**TASK TO COMPLETE**
Return exactly the run of lines that begins at the line containing "FRESH SPRING COLLECTION - 미쏘" and ends at the last line of the material below; pictures stay out.

**DATA BELOW**
*** Begin section ***
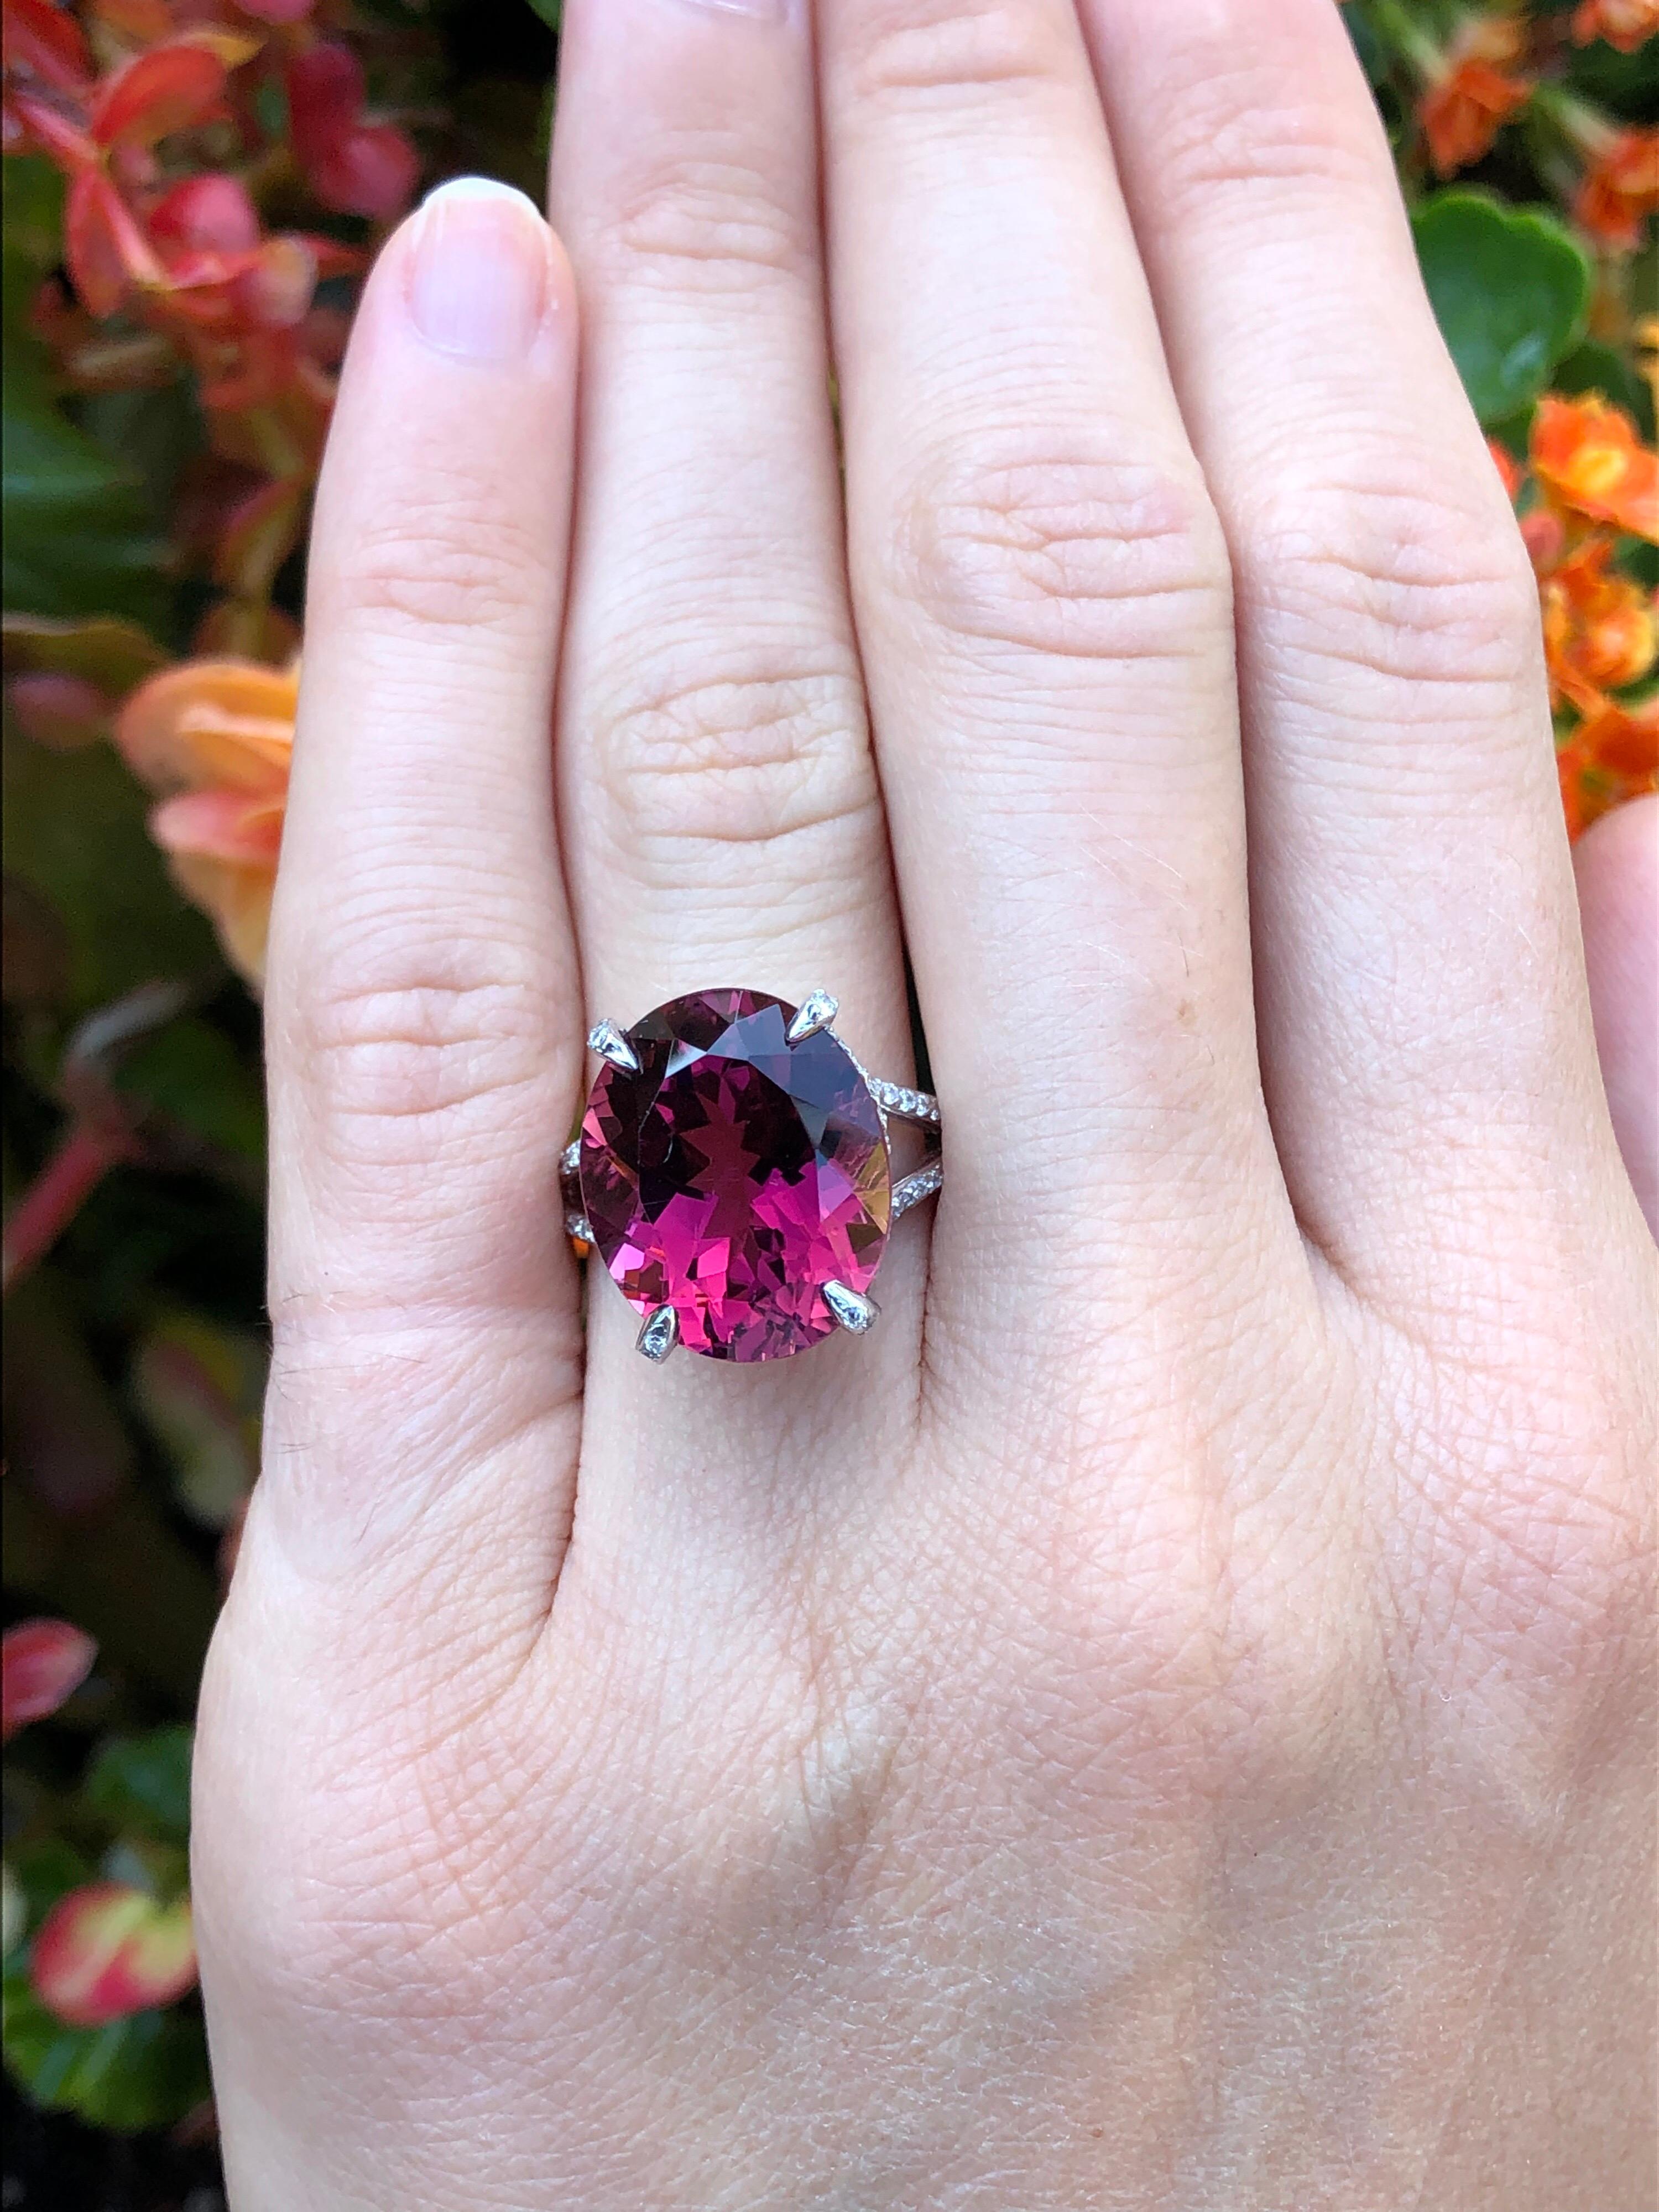 Oval Cut Rubellite Tourmaline Ring 11.90 Carats Oval
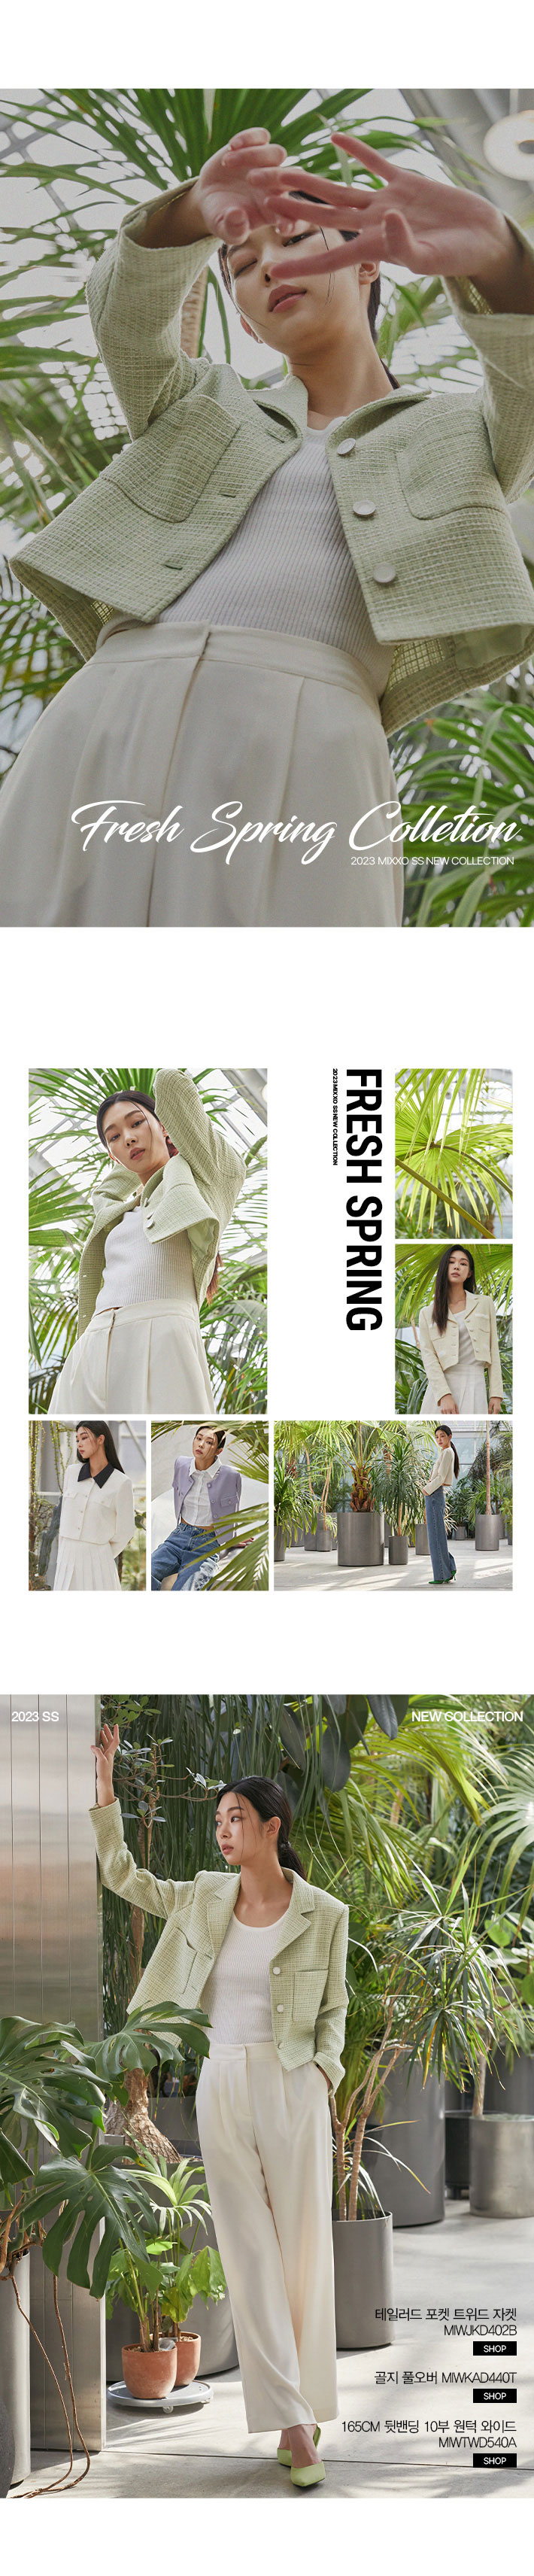 FRESH SPRING COLLECTION - 미쏘
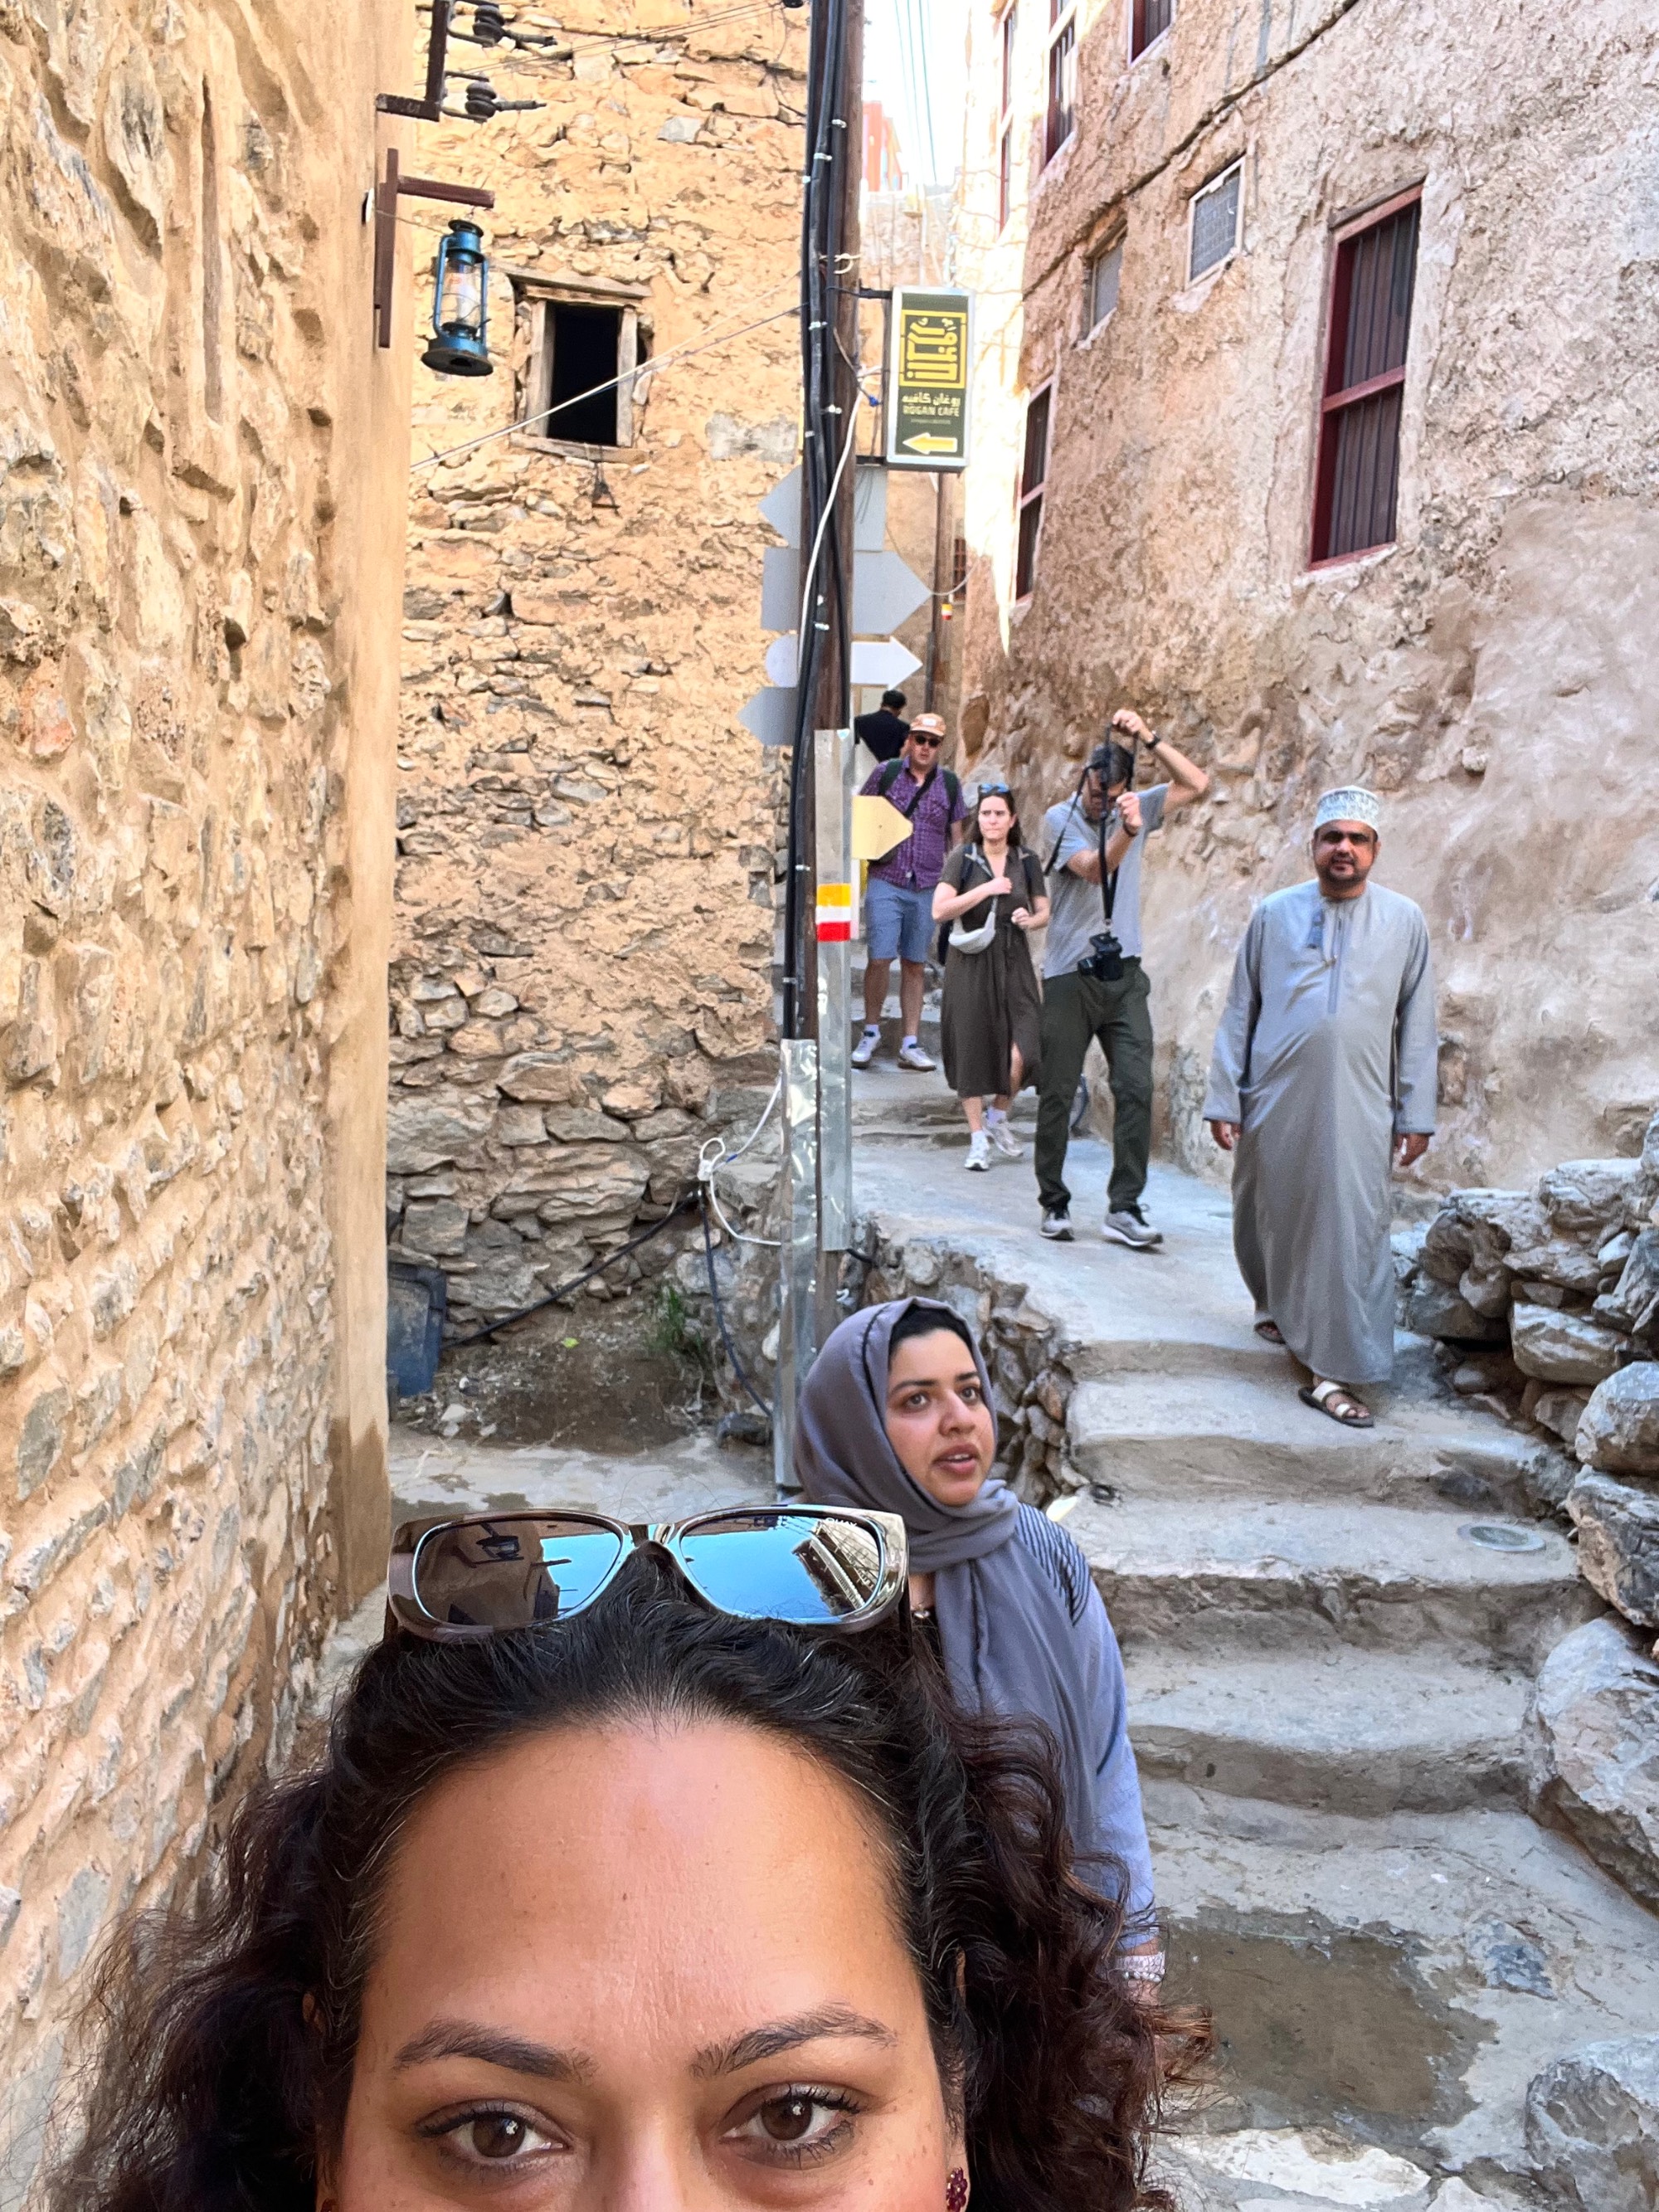 Photo of people in an alleyway in an old city
*** End section ***
**ANSWER TO THE PROBLEM**
 FRESH SPRING COLLECTION - 미쏘
 Photo of people in an alleyway in an old city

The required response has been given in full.